→ **Raw data**:
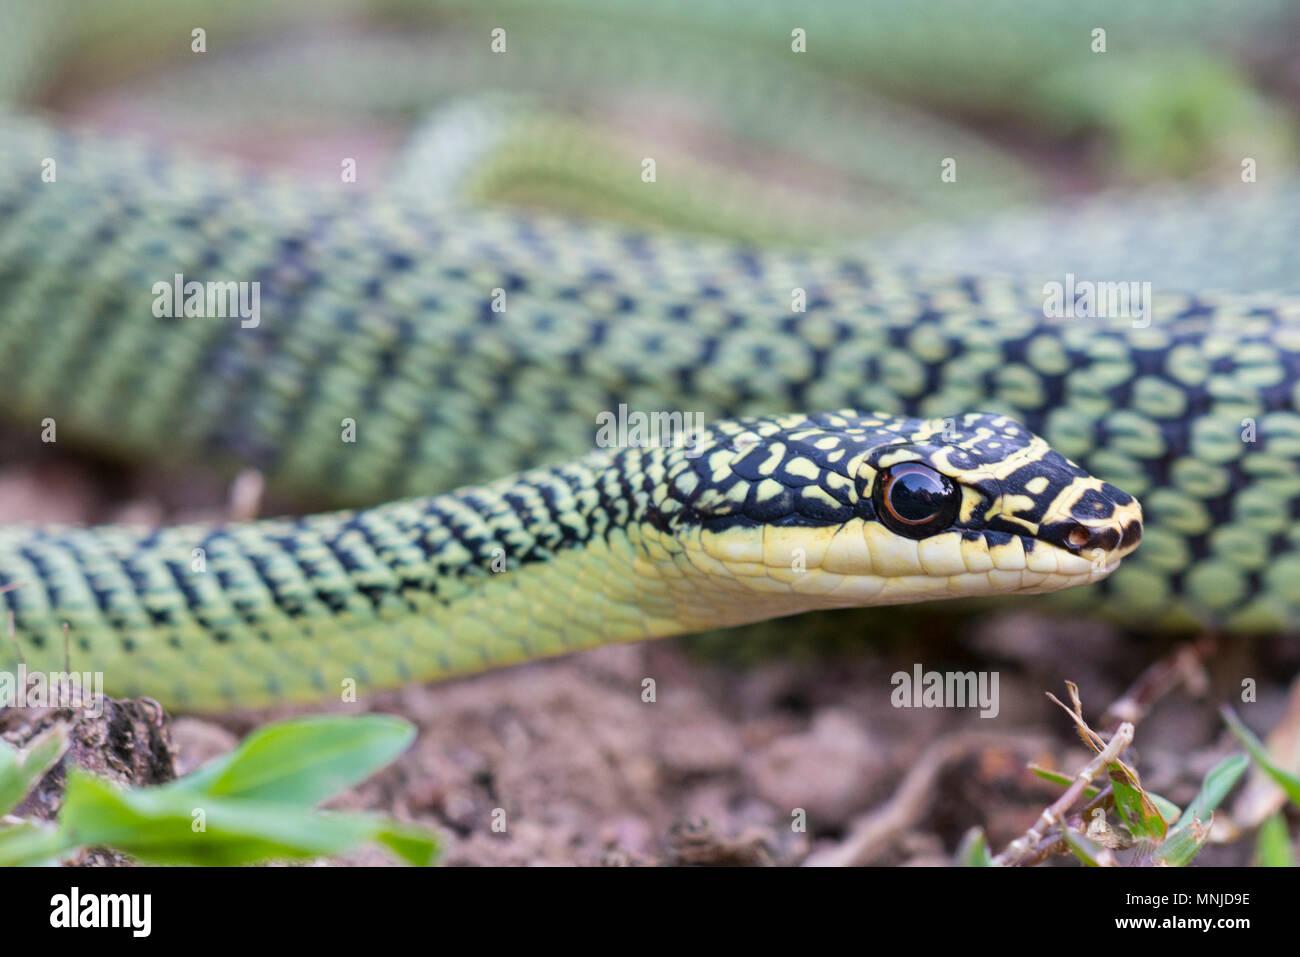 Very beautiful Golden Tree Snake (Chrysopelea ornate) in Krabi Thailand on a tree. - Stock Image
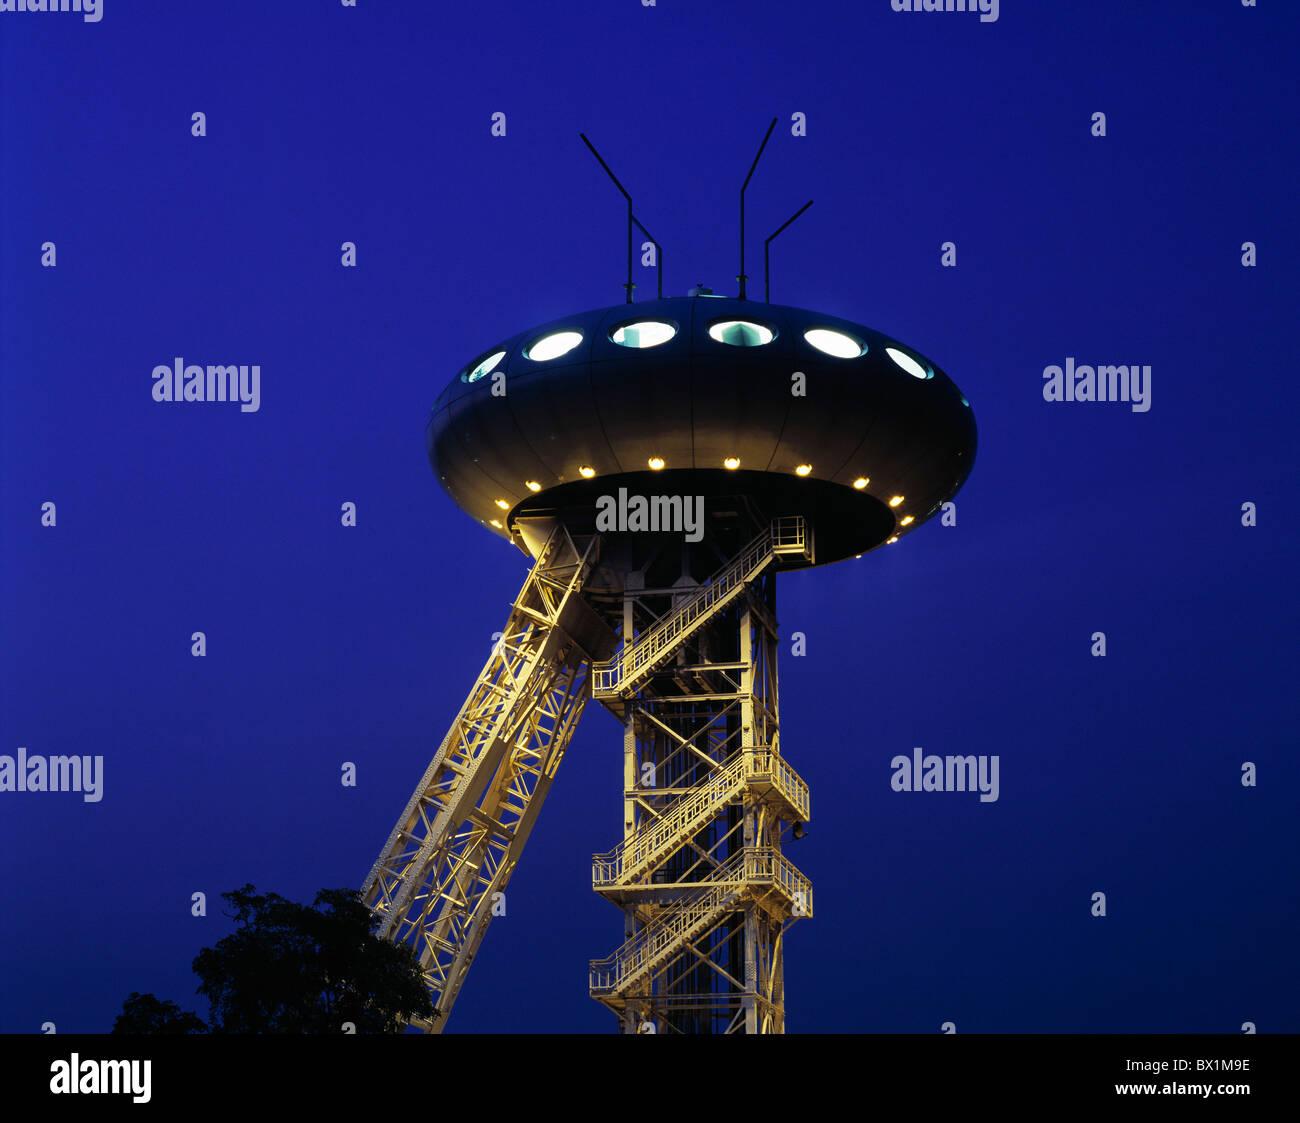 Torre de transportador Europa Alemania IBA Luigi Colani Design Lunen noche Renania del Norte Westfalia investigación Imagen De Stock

...

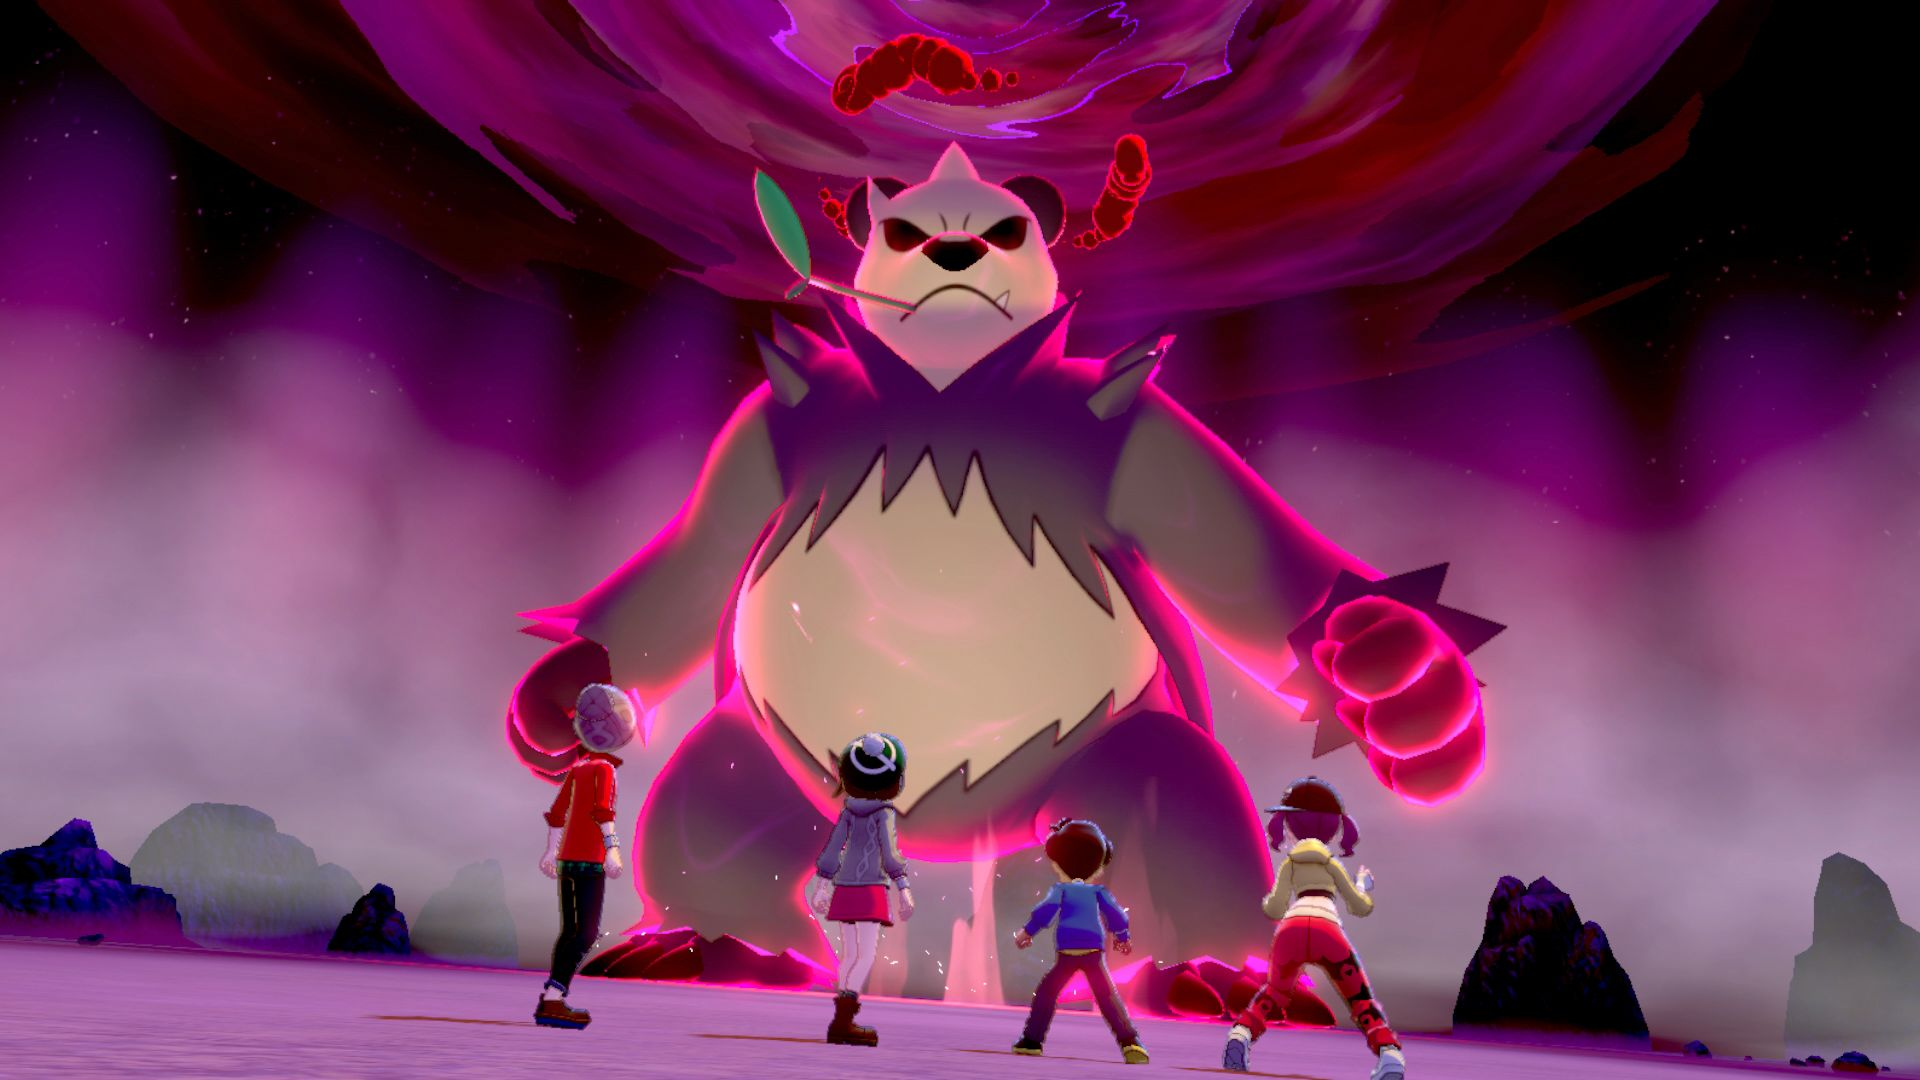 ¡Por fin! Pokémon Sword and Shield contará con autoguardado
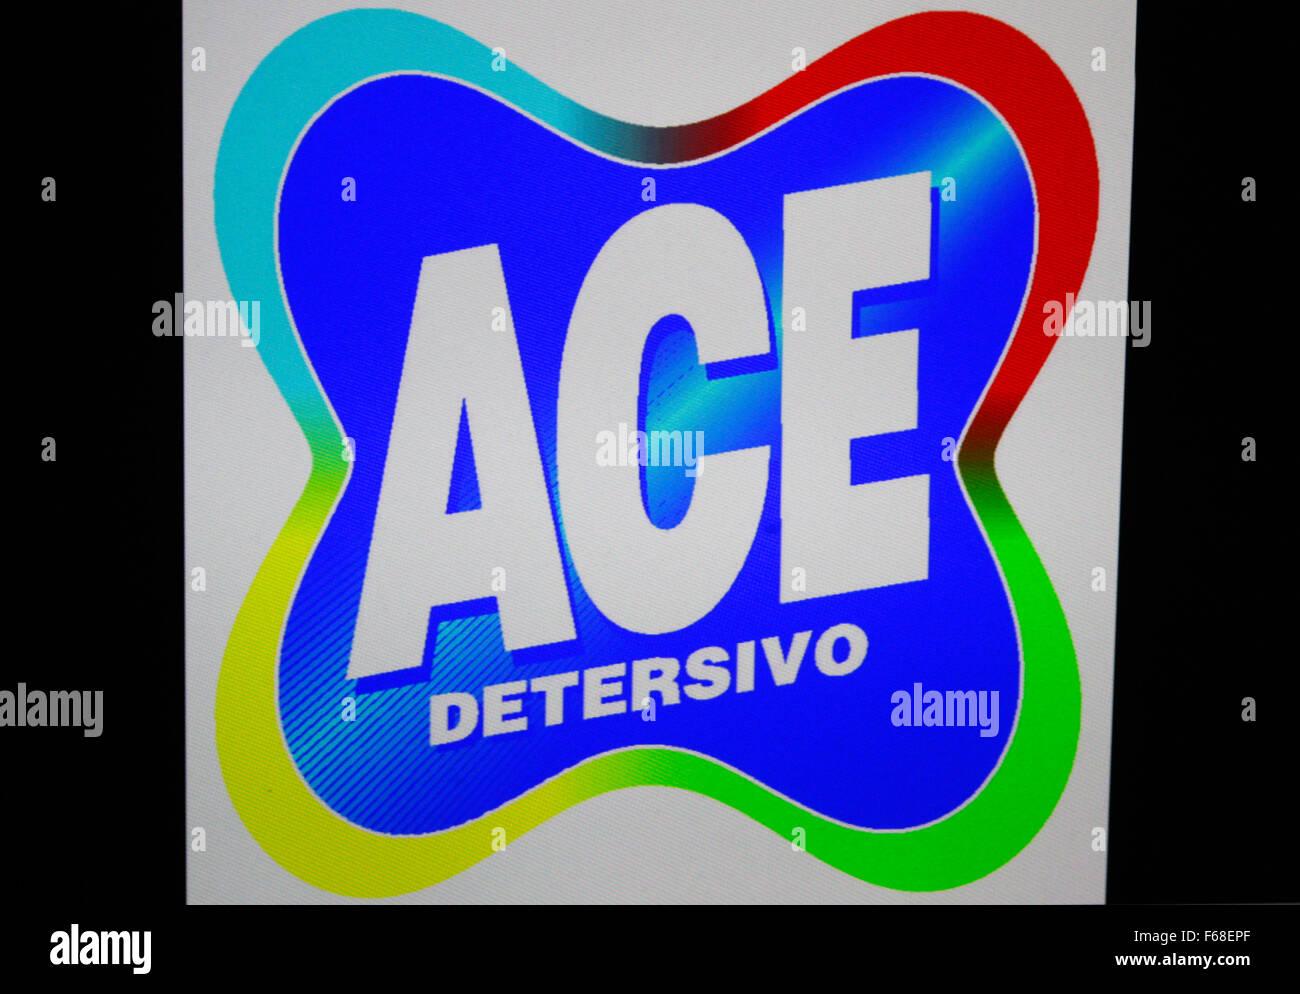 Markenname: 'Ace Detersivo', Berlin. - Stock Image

--

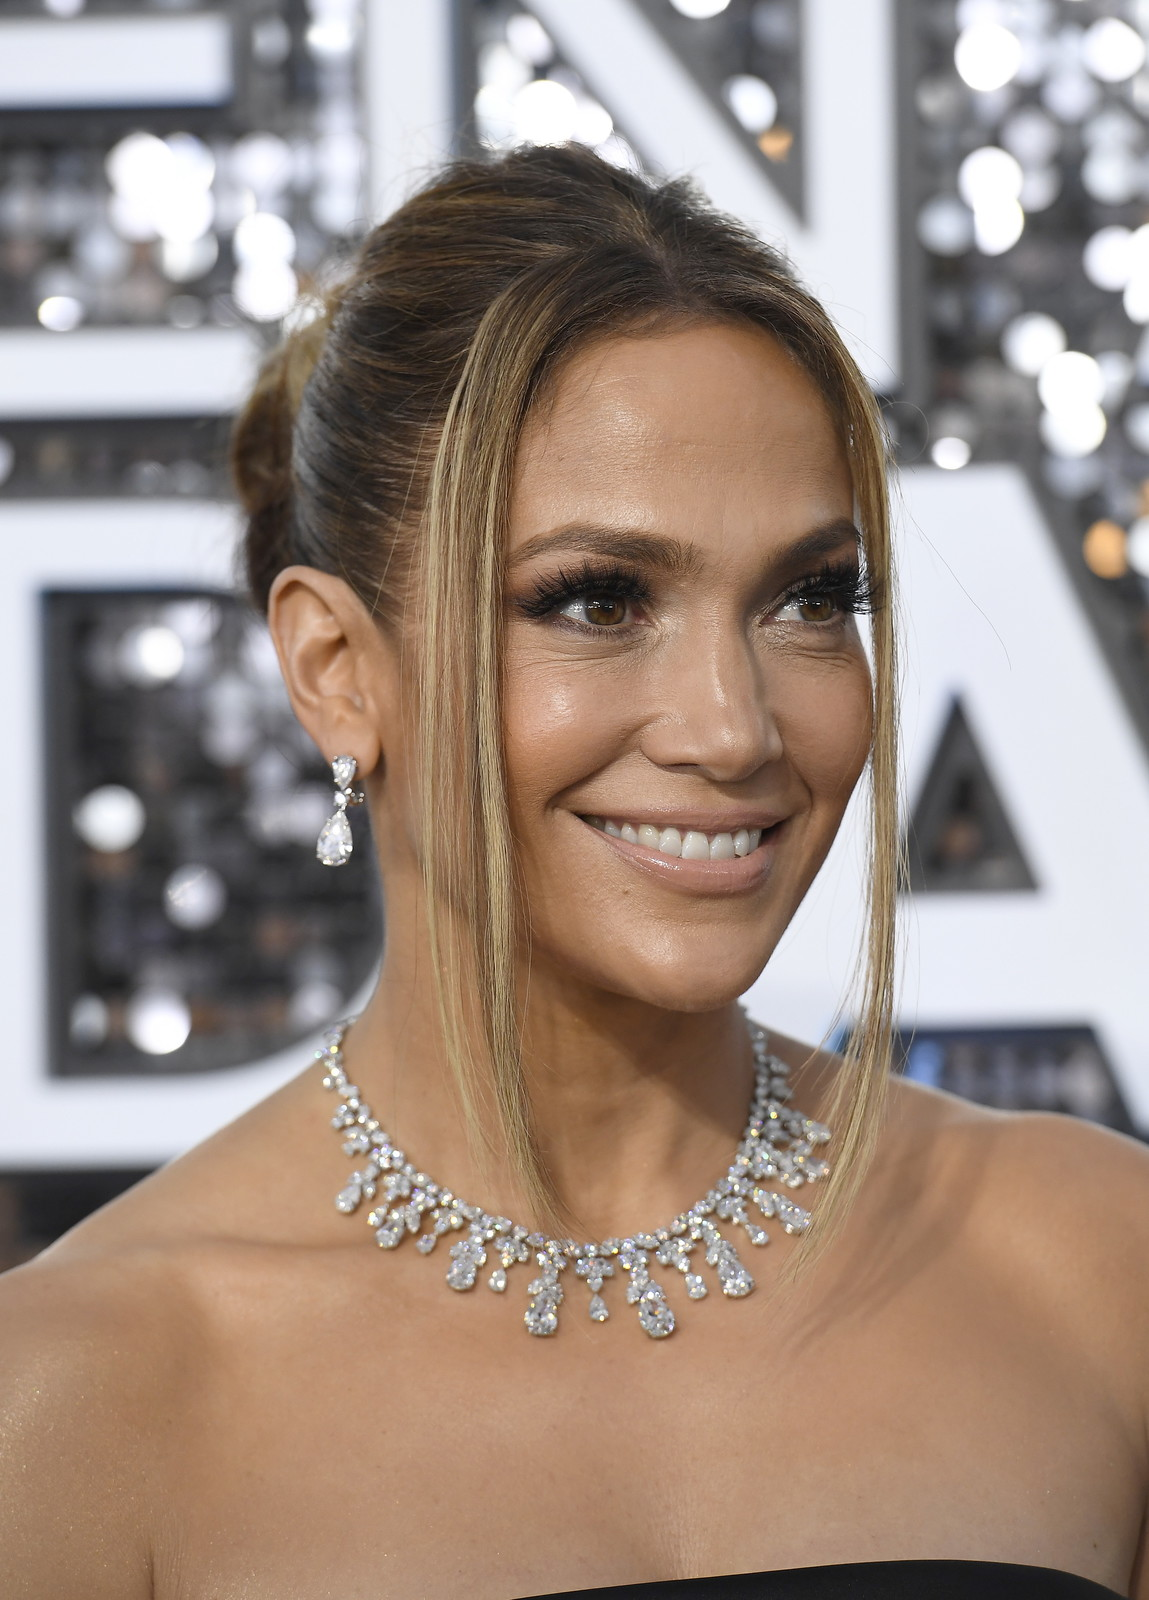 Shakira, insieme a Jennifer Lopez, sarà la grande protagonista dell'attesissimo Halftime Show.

→ **Problem to work on**:
Above this task is a listing with pictures in it. Retype only the lines from the one containing "contará con autoguardado" through the one containing "Markenname: 'Ace Detersivo', Berlin.", both included, and not the pictures.

→ **Written response**:
 ¡Por fin! Pokémon Sword and Shield contará con autoguardado
 Markenname: 'Ace Detersivo', Berlin. - Stock Image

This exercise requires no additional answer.